SPACE: A Soyuz crew launch suffers a rare abort seconds before liftoff.
On Thursday a crew of three people was due to launch on a Soyuz rocket, bound for the International Space Station.
However, the launch scrubbed at about 20 seconds before the planned liftoff time, just before the sequence to ignite the rocket’s engines was initiated, due to unspecified issues. Shortly after the abort, there were unconfirmed reports of an issue with the ground systems supporting the Soyuz rocket.
The three people inside the Soyuz spacecraft, on top of the rocket, were NASA astronaut Tracy C. Dyson, Roscosmos cosmonaut Oleg Novitskiy, and spaceflight participant Marina Vasilevskaya of Belarus. This Soyuz MS-25 mission had been planned for liftoff from the Baikonur Cosmodrome in Kazakhstan at 13:21 UTC (6:21 pm local time in Baikonur).

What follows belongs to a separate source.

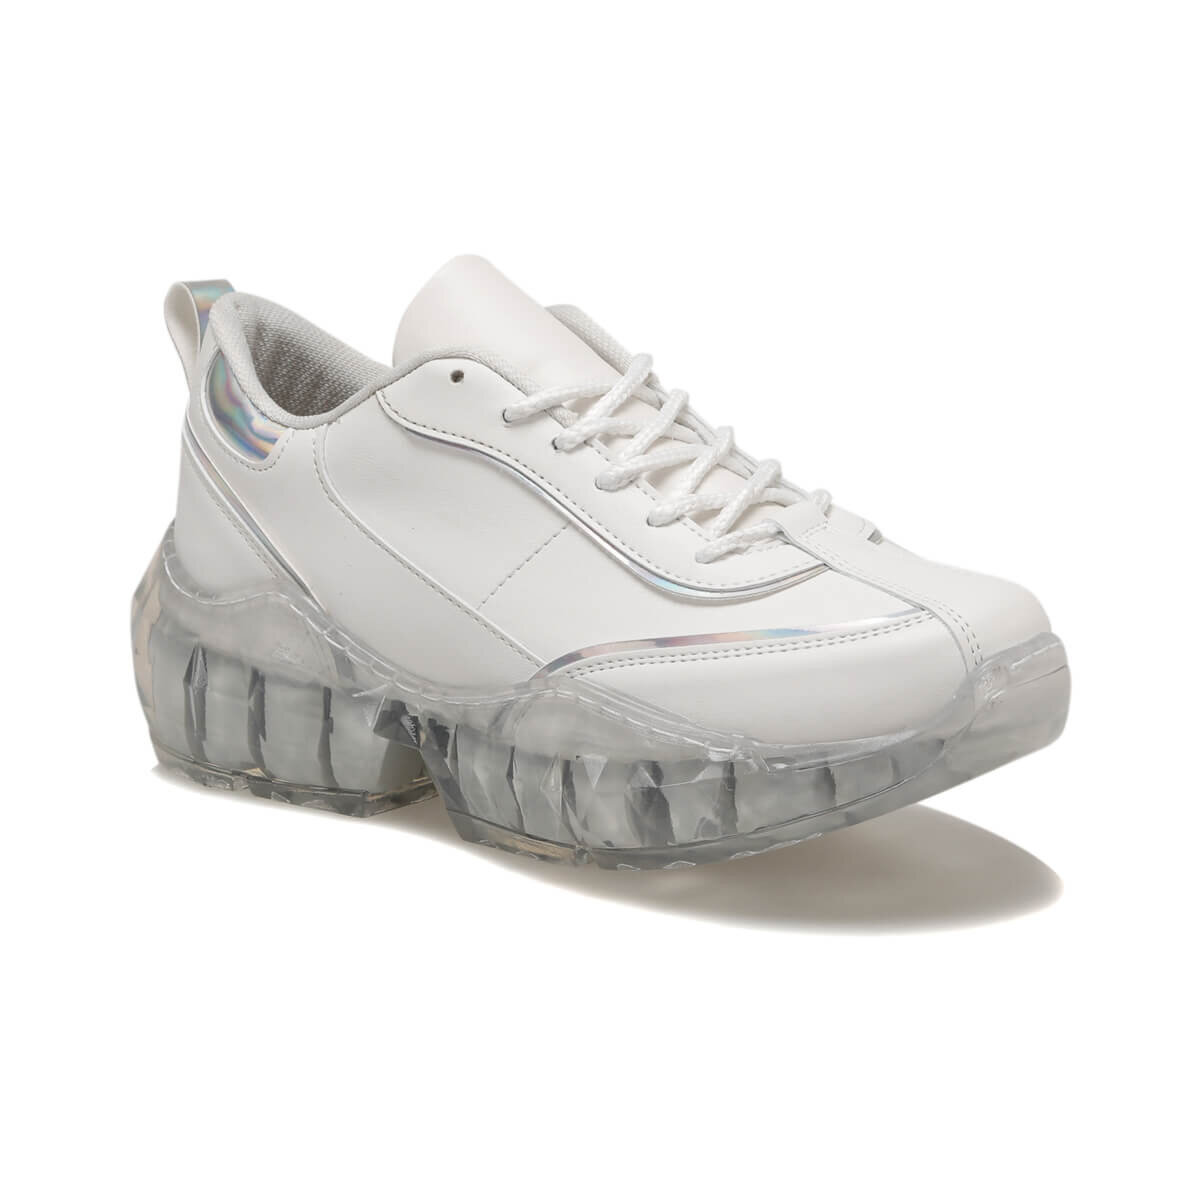 FLO 19K-958 White Women 'S Sneaker BUTIGO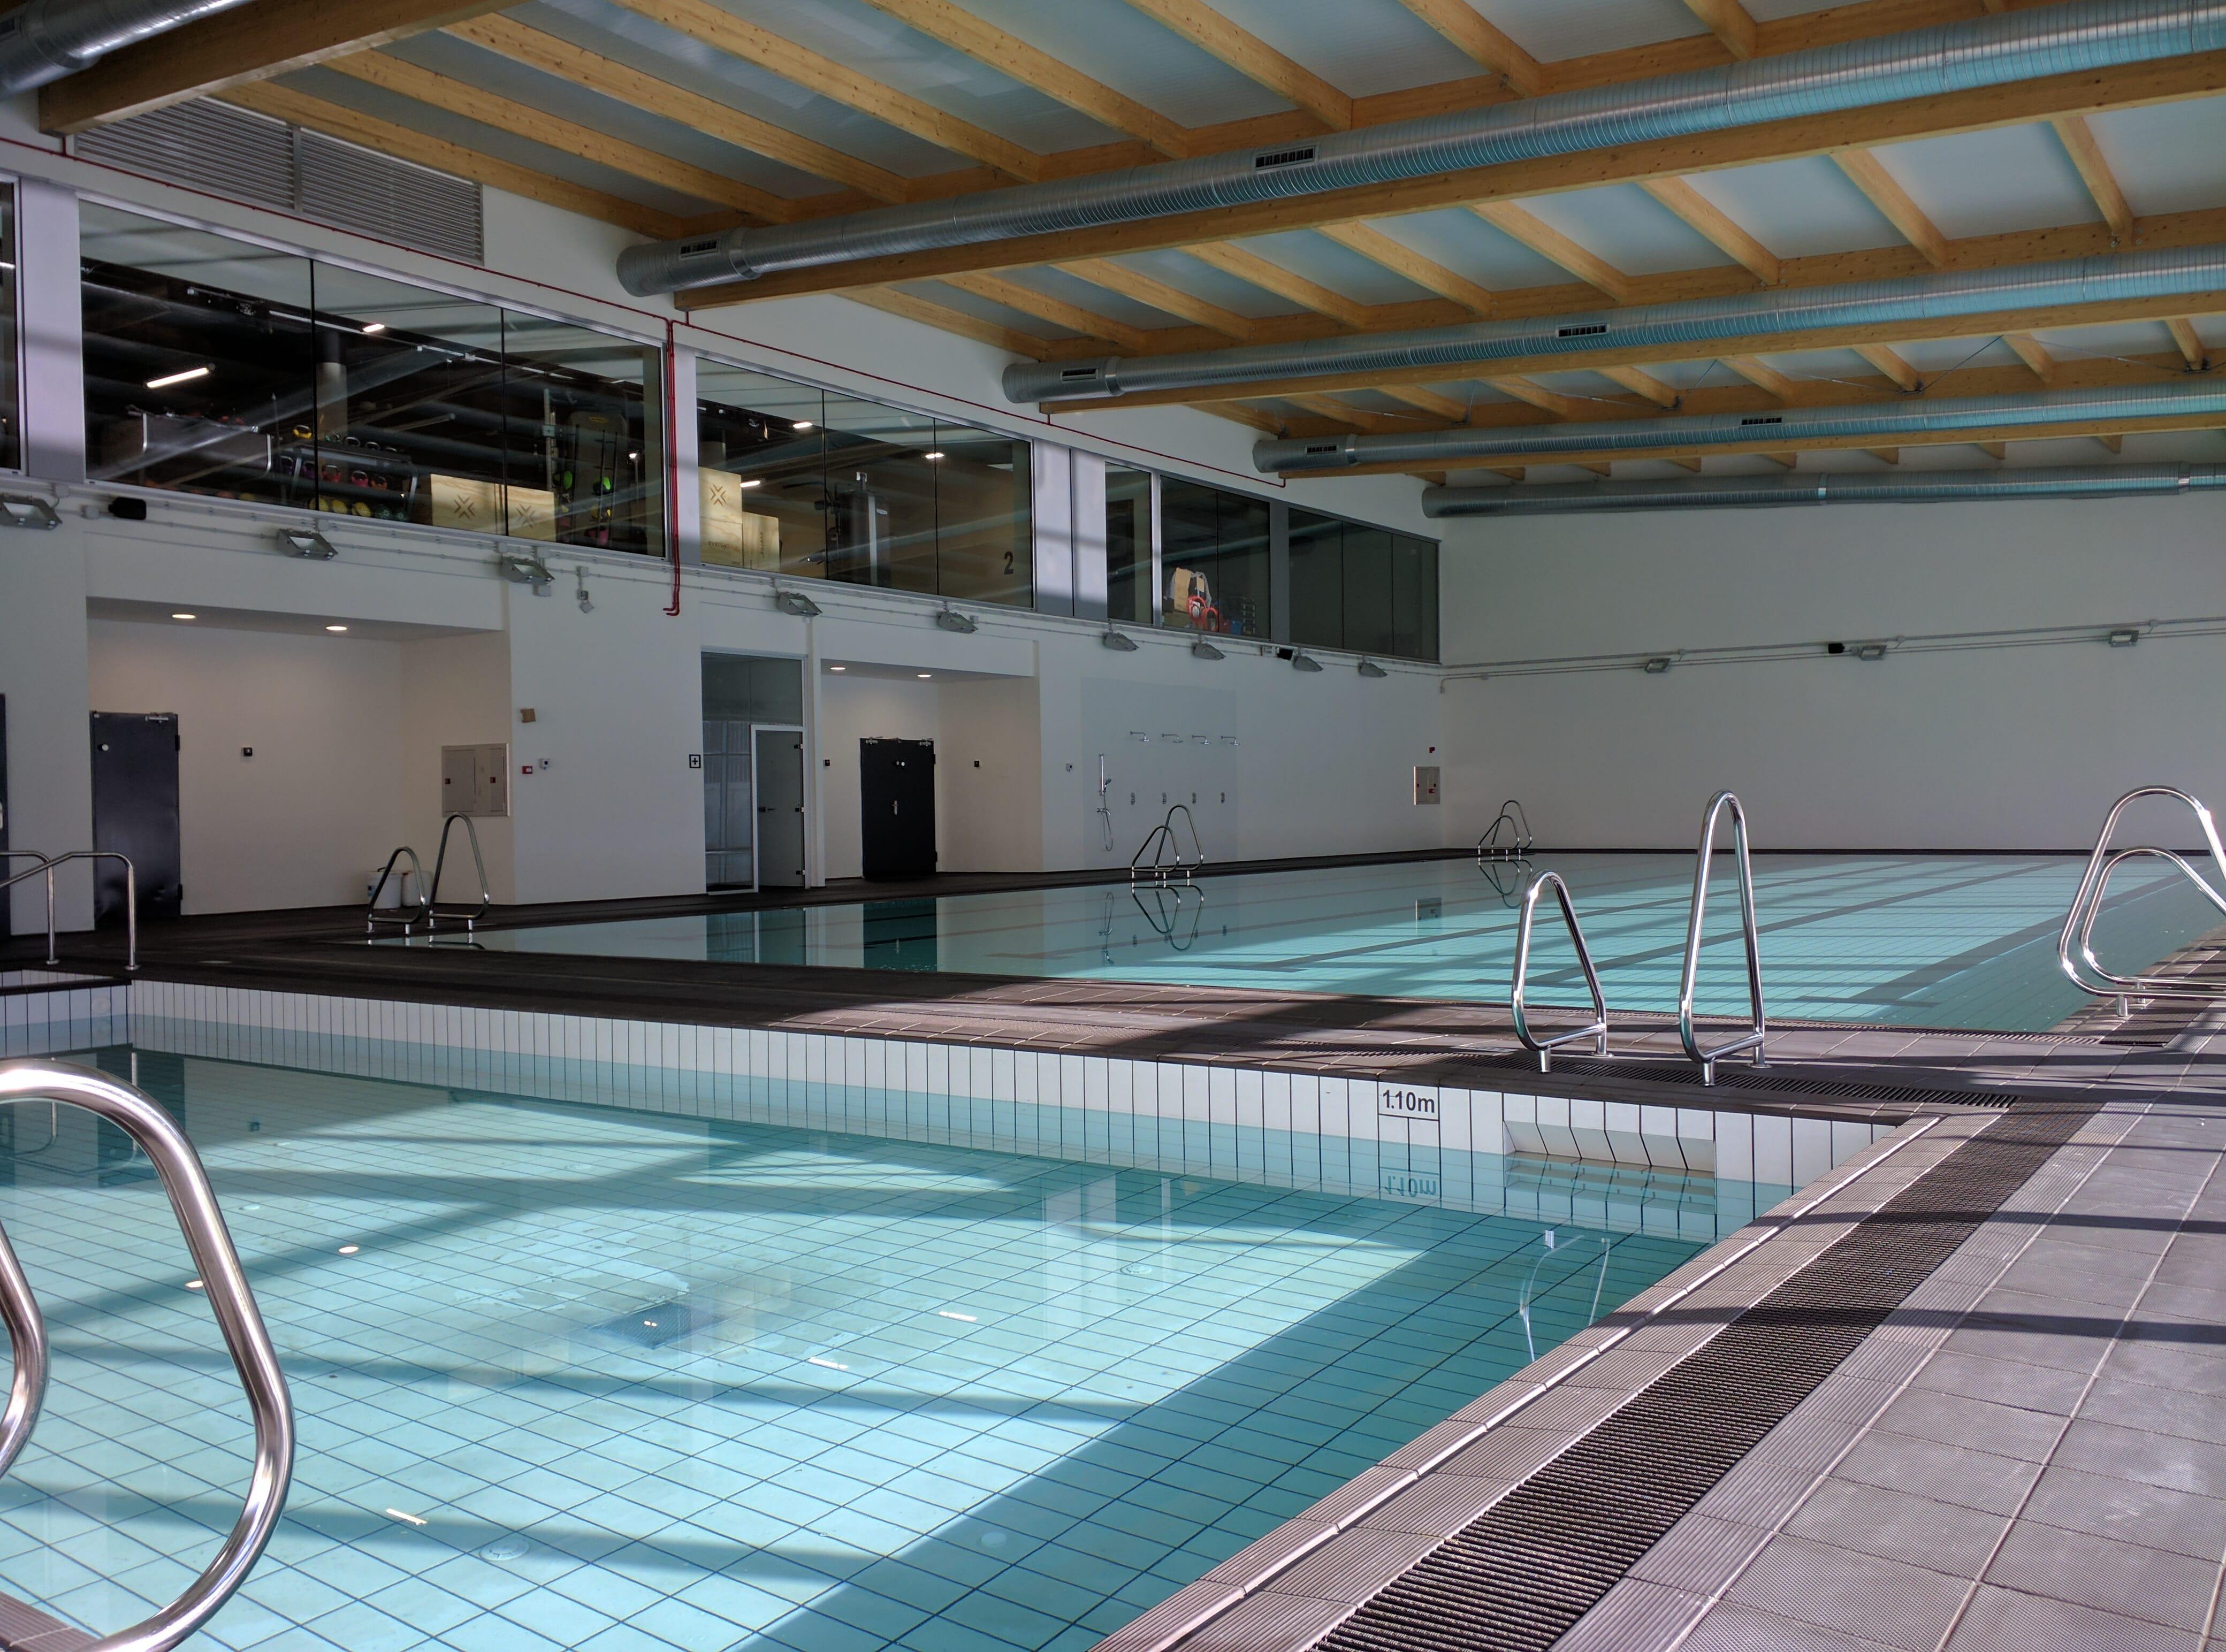 Fin de obra go fit santander opincan for Go fit piscinas san miguel

Such scrubs are rare. The Soyuz booster and its launch systems are typically robust, launching regardless of weather conditions—watching an orbital, liquid-fueled rocket launch during a snowstorm is quite a trip. And the Russians have plenty of experience with the booster. Since its debut in 1966, across a number of variants, the Soviet Union and Russia have launched more than 2,000 Soyuz rockets.
I’m curious to know what caused the scrub but don’t expect an honest answer out of Moscow.